_WHAT TO WORK ON_. Each line of data below must be printed exactly as written, with any pictures removed.

_DATA EXTRACT_.
● ● ● ● ●
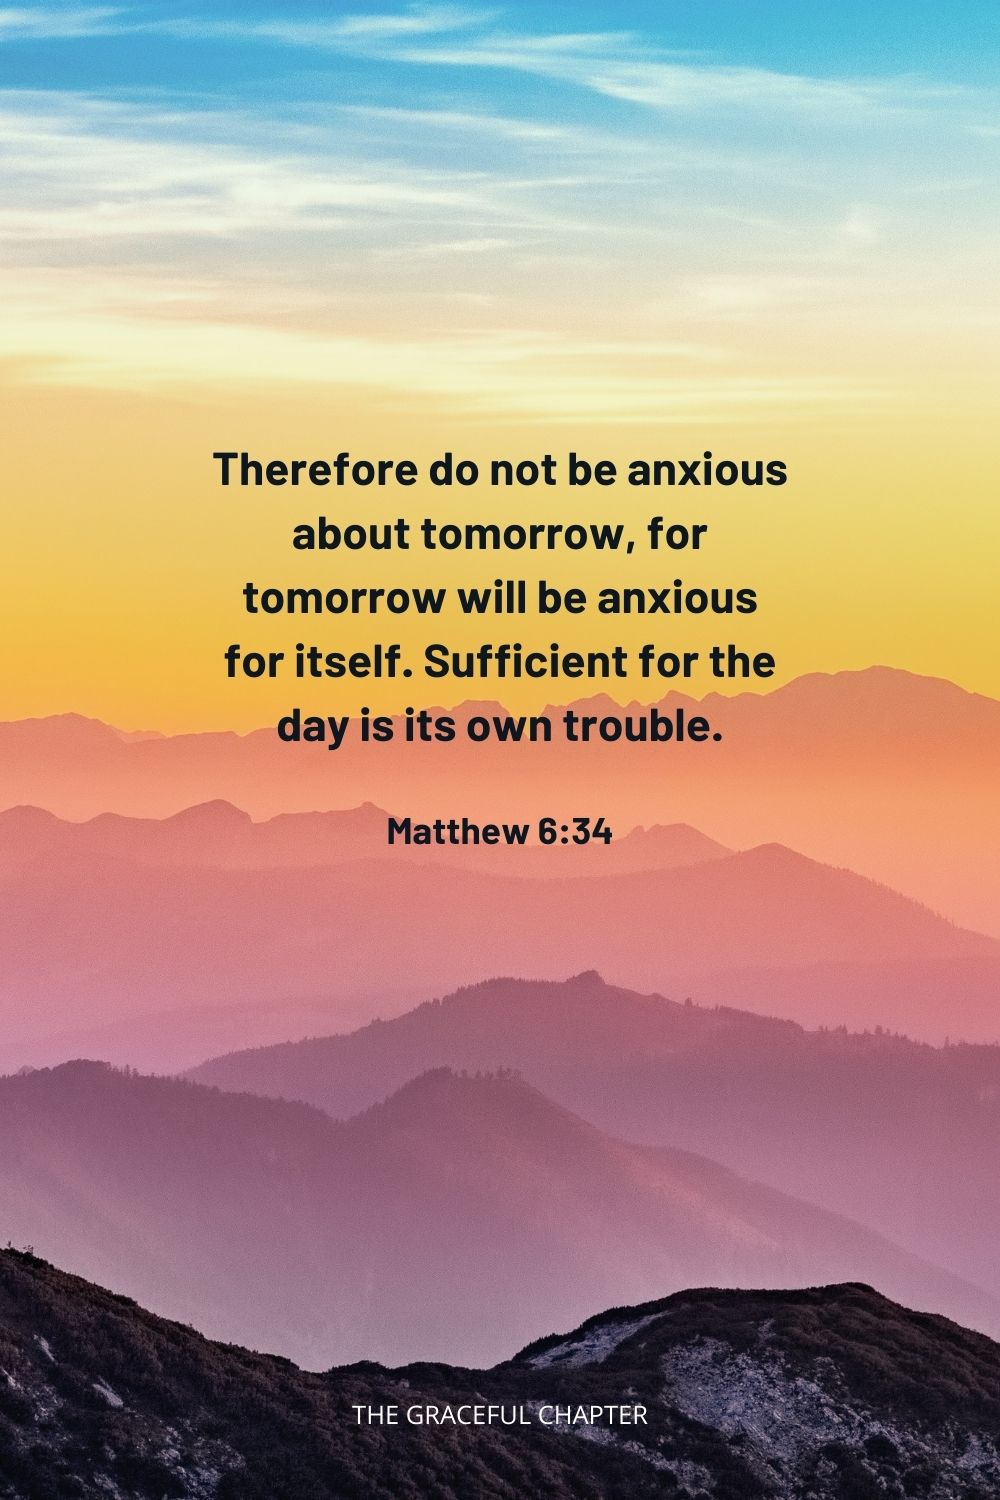 Therefore do not be anxious about tomorrow, for tomorrow will be anxious for itself. Sufficient for the day is its own trouble. Matthew 6:34
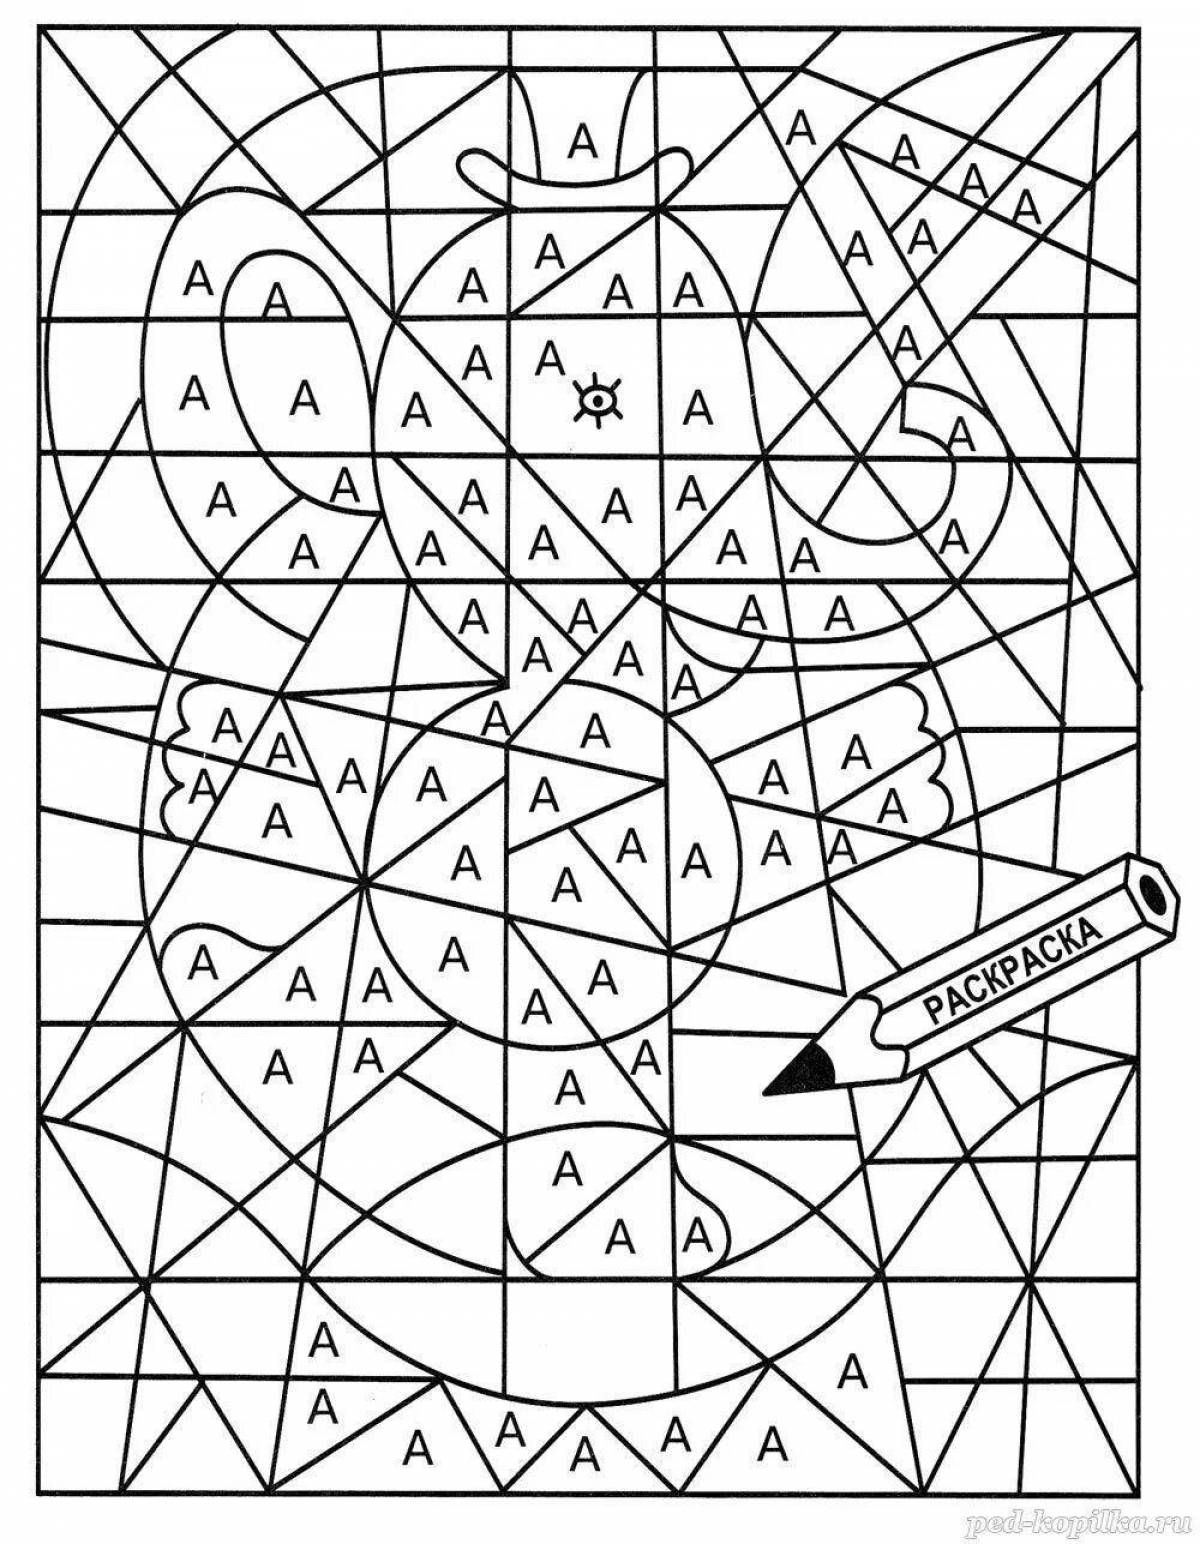 Intriguing coloring game by cells and numbers
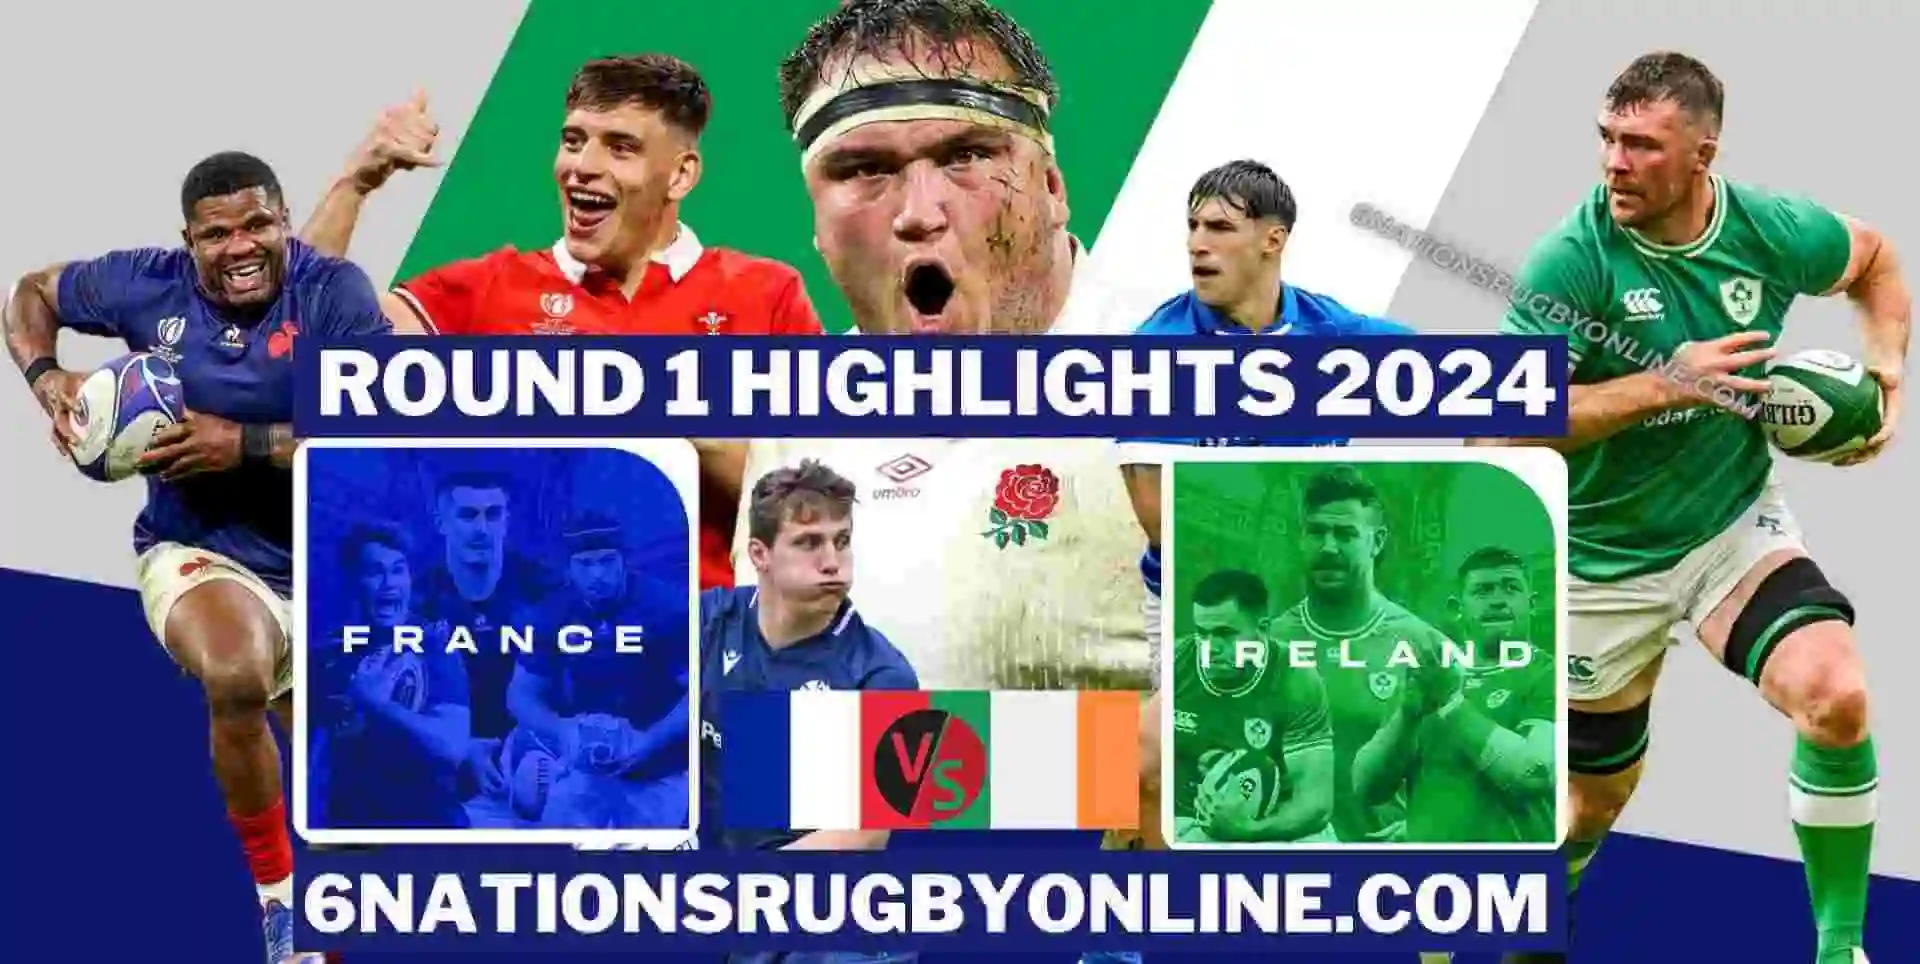 France Vs Ireland Rugby Highlights 2024 Round 1
● ● ● ● ●
_REPLY_.
 Therefore do not be anxious about tomorrow, for tomorrow will be anxious for itself. Sufficient for the day is its own trouble. Matthew 6:34
 Intriguing coloring game by cells and numbers
 France Vs Ireland Rugby Highlights 2024 Round 1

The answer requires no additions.